__Exercise data__.
####################
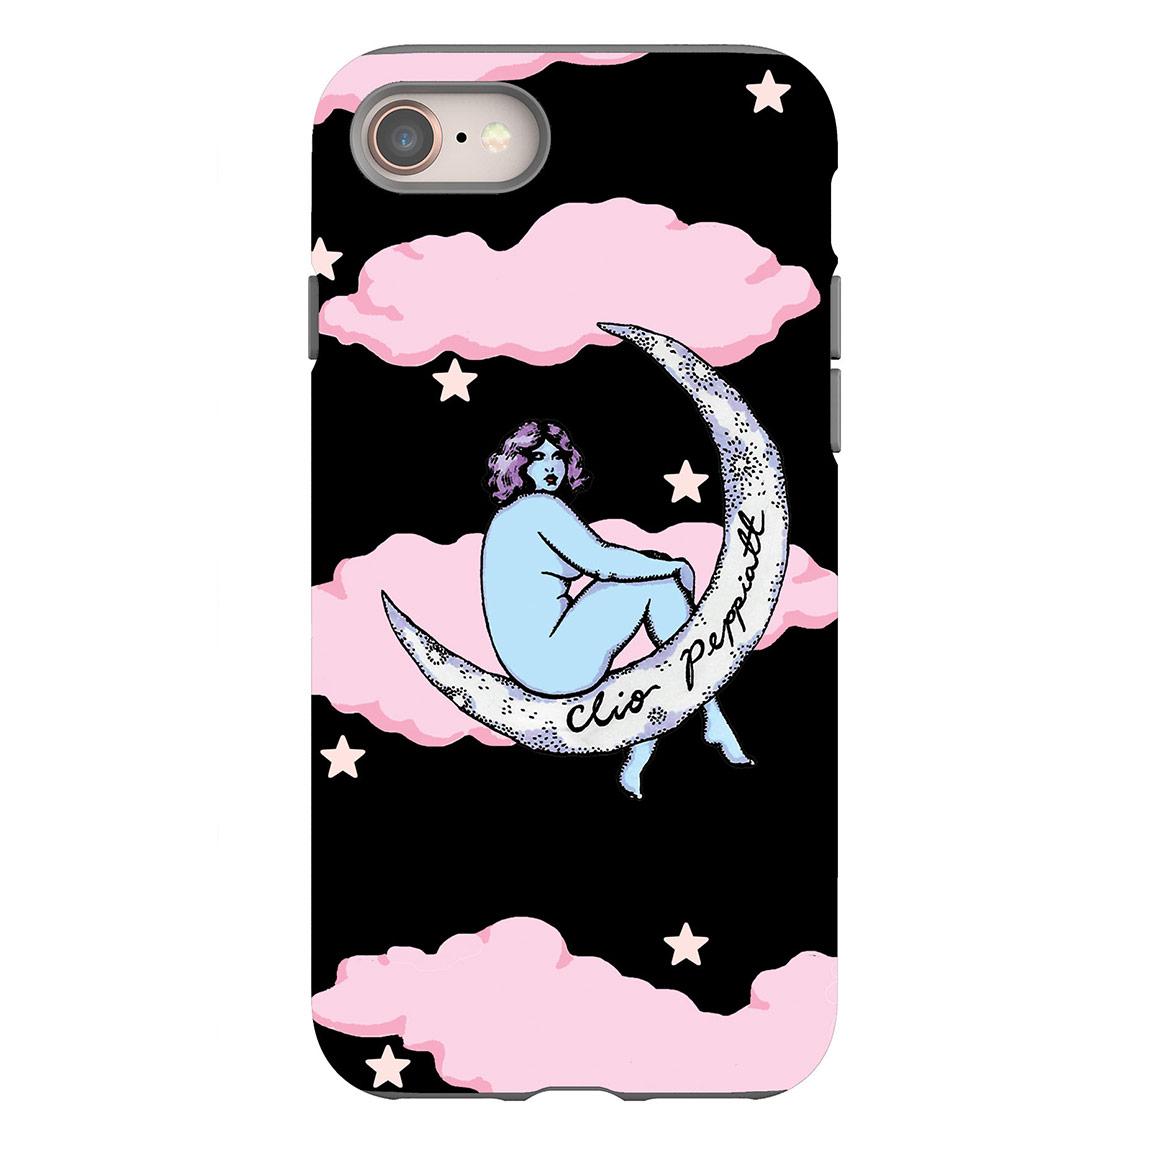 Luna-phone-case.jpg
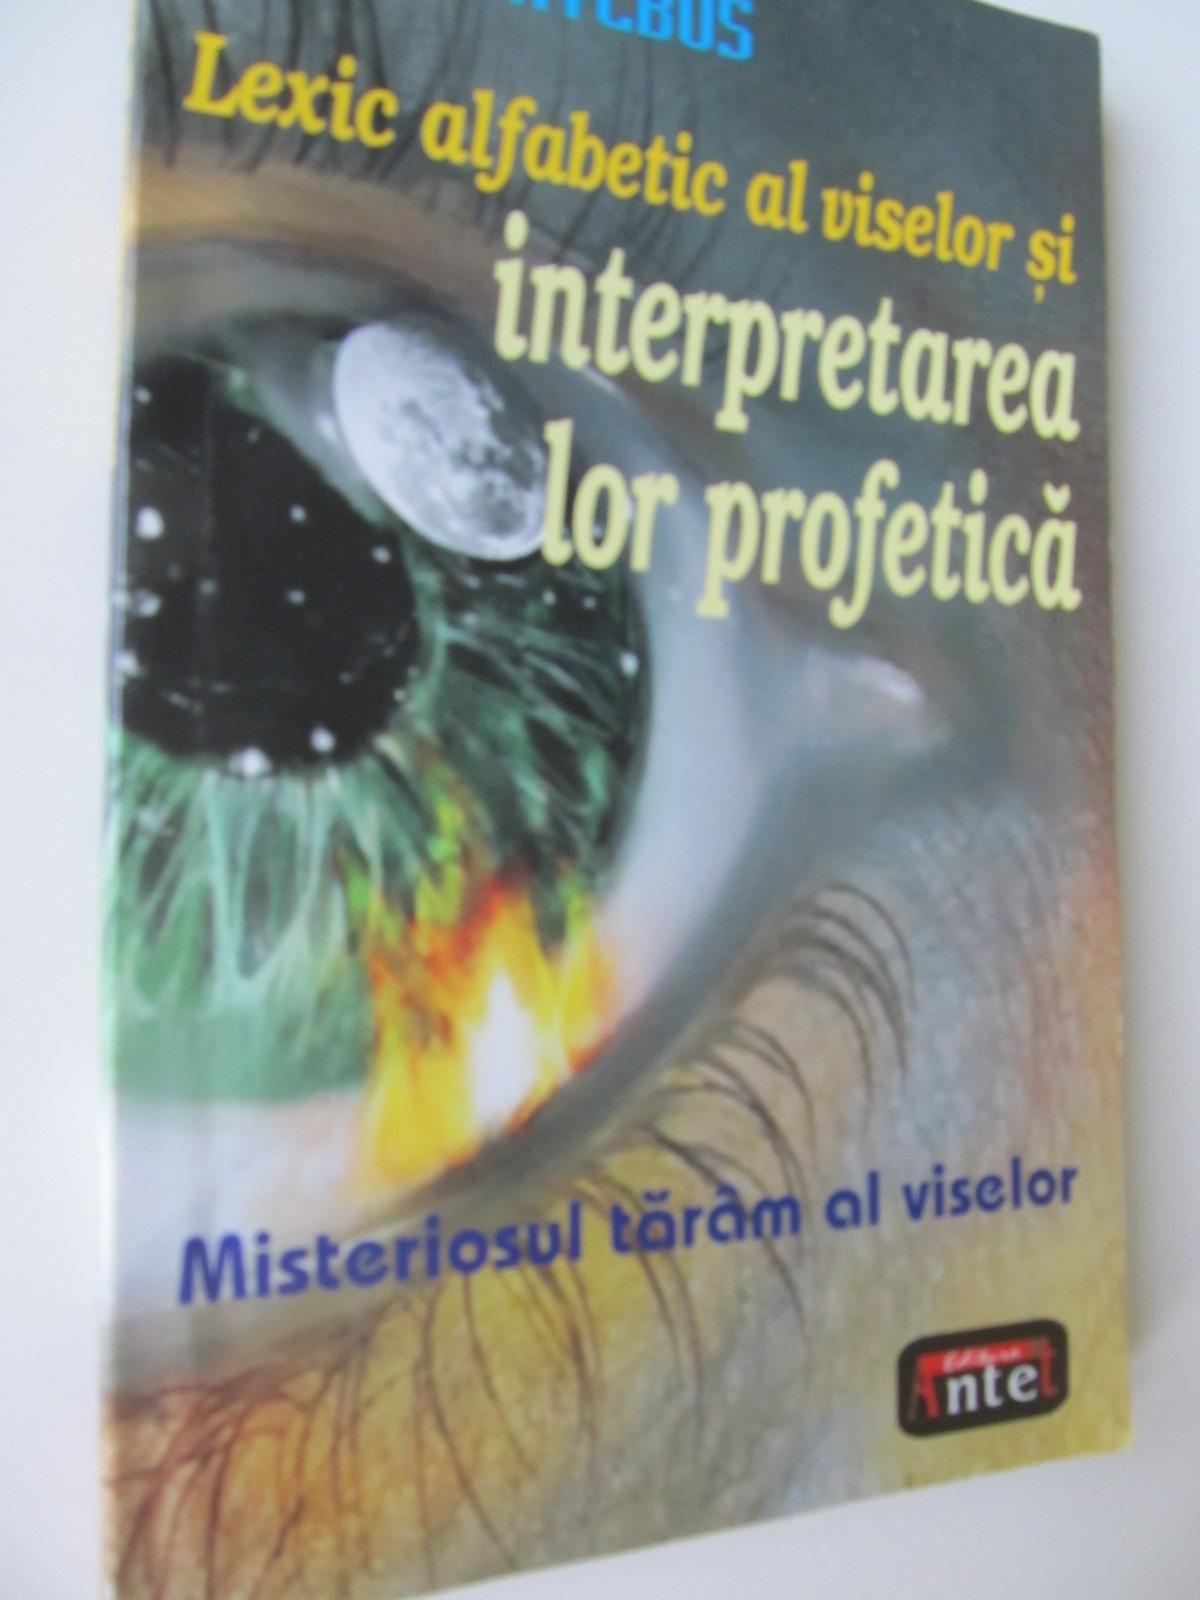 Misteriosul taram al viselor - Lexic alfabetic al viselor si interpretarea lor profetica - Thylbus | Detalii carte
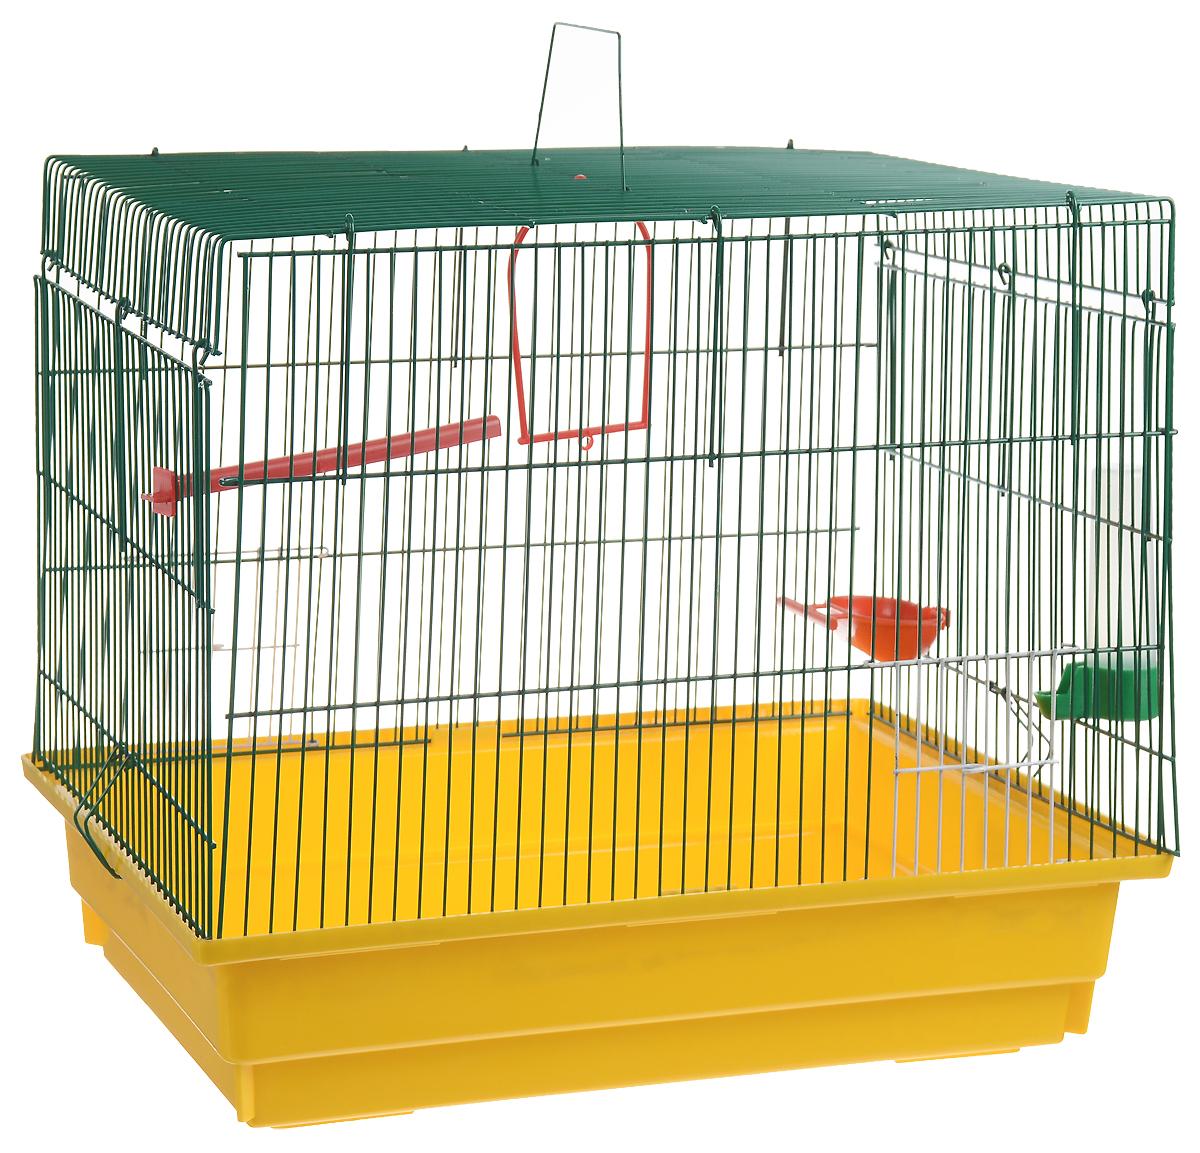 Клетка для птиц ЗооМарк, цвет: желтый поддон, зеленая решетка, 50 х 31 х 41 см0120710Клетка ЗооМарк, выполненная из полипропилена и металла с эмалированным покрытием, предназначена для птиц.Изделие состоит из большого поддона и решетки. Клетка снабжена металлической дверцей. Она удобна в использовании и легко чистится. Клетка оснащена жердочкой, кольцом для птицы, поилкой, кормушкой и подвижной ручкой для удобной переноски. Комплектация: - клетка с поддоном, - поилка; - кормушка;- кольцо.
####################
__Directions for this task__.
Starting at the first line of the data, set down each line exactly until you have copied the line with "Misteriosul taram al", but leave the pictures out.

__Reply__.
 Luna-phone-case.jpg
 Misteriosul taram al viselor - Lexic alfabetic al viselor si interpretarea lor profetica - Thylbus | Detalii carte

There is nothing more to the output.